Мне обещали птицы, что на небе будет легче, Им не поверю, но тихонько соберу все вещи. И по штрихам пунктира, что как путь намечен, Я выйду в день, чтобы мечтать о сиро-человечьем.
Блокнот, как и всегда, усыплю в свои в теги-скетчи, Ища в других того атланта, что расправил плечи. С ним постою, немного раскидав о вечном, Возьму своё и дальше понесу до млечных.
Дети знают где лежит засохший лист на полке. И завистливо глядят на папины наколки. Они видели Христа на дедовой иконке. Но наступит день и сделает волчонка волком. (x2)
Под вечер заметусь в кабак и опалю все нервы, Чтобы потом мне было проще говорить с Минервой. В бездонном небе отыщу себе свою Венеру, Пока тупые люди будут рваться к рангу первых.
Мимо витринных всхлипов стану предаваться мыслям, О собственном себе и почему такие мы с ней. Сквозь душный сумрак, побегу от левых сумм и сумок, В немую пустоту молчания, где свет безумных.

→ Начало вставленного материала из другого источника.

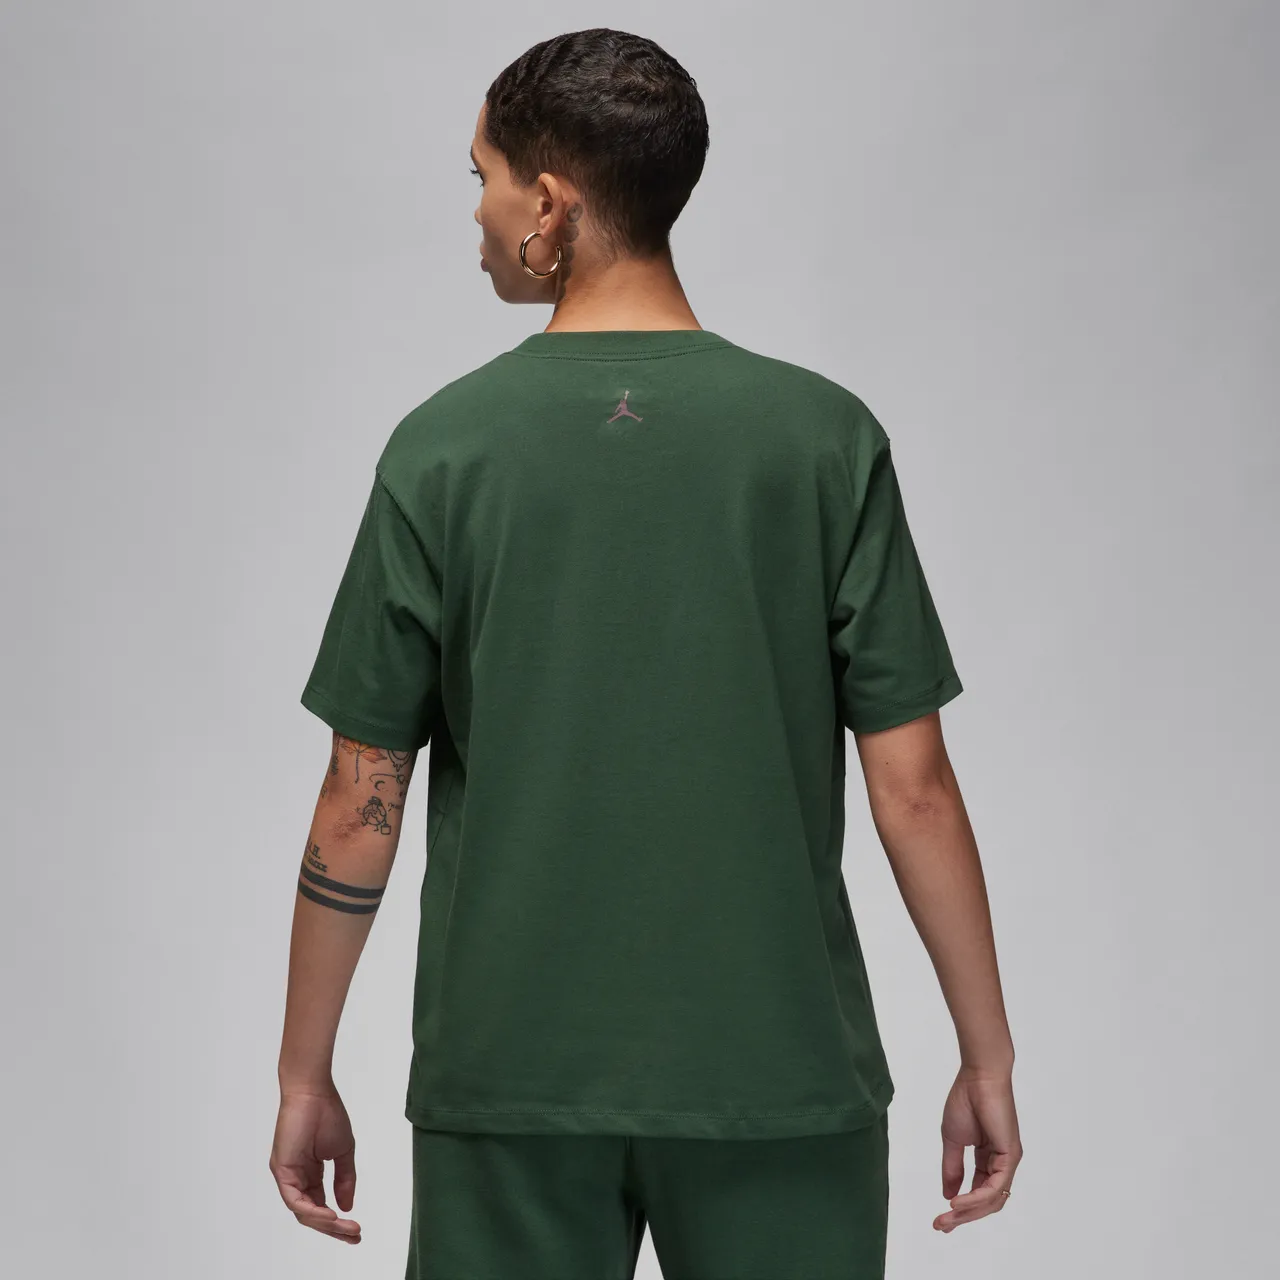 Jordan Women's Graphic T-Shirt - Green - Cotton
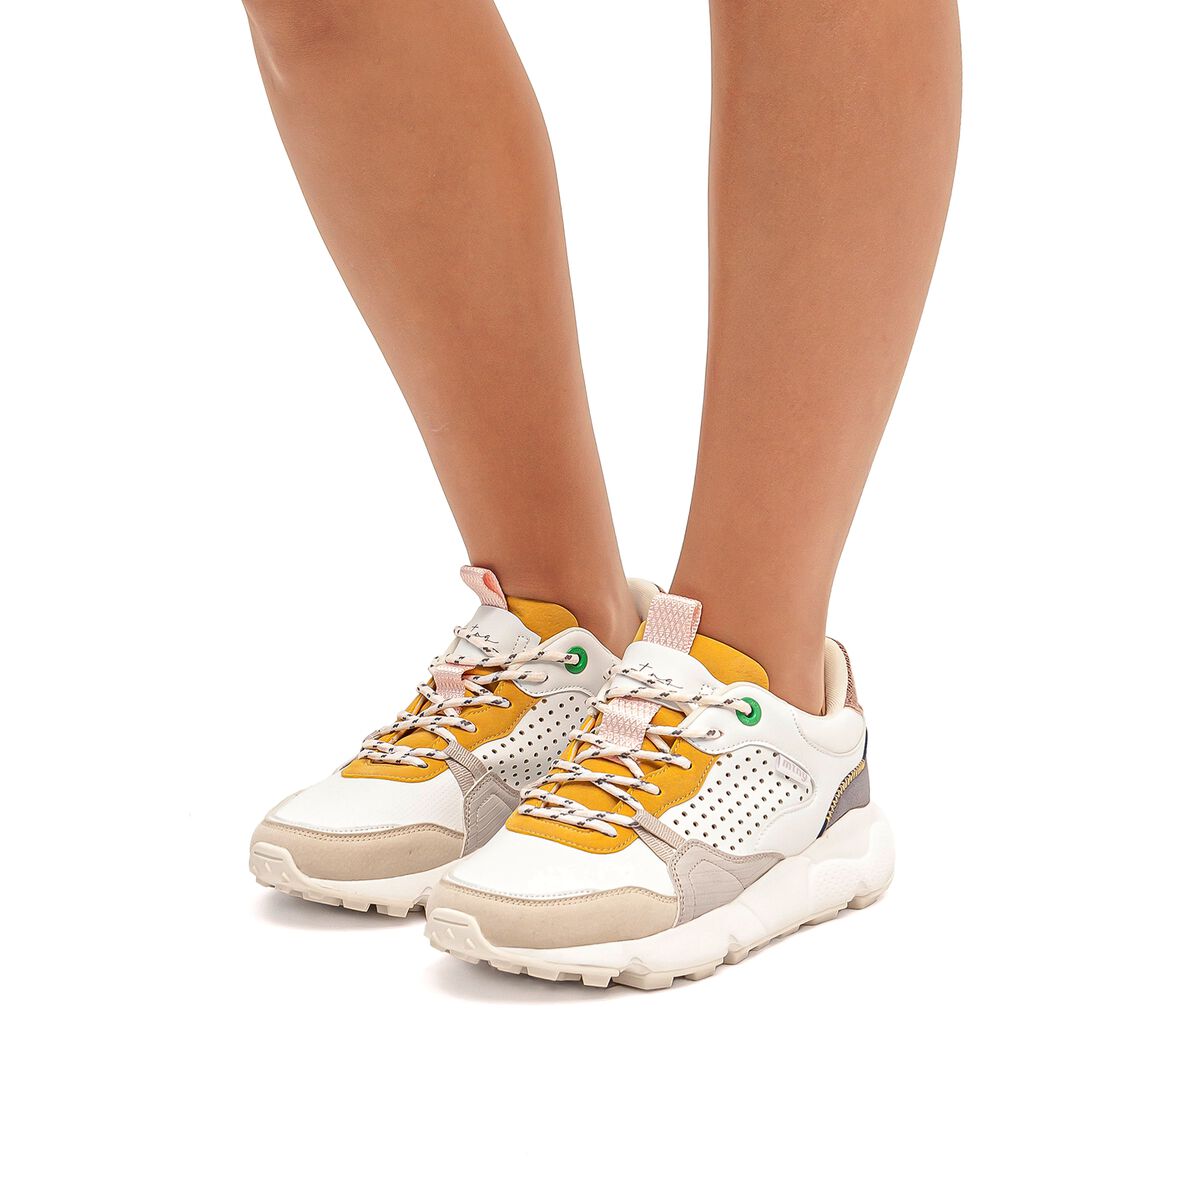 Zapatillas de Mujer modelo CLIMB de MTNG image number 1

У ржавого моста на миг я ухвачусь за истину, И вознесусь над ним, пускай всего-лишь мысленно. Но в осененной радости, вошедшей в пограничное, Она вдруг ускользнёт, предавшись своему обычаю.
Бумага истлеет, и тихонько обратится в пепел, Всё потемнеет, загорятся фонари, что крепят. Возьму себе зеленый чай, да и вприкуску крекер, И скроюсь в лесопарке с нотами о новом треке.
Дети знают где лежит засохший лист на полке. И завистливо глядят на папины наколки. Они видели Христа на дедовой иконке. Но наступит день и сделает волчонка волком. (x2)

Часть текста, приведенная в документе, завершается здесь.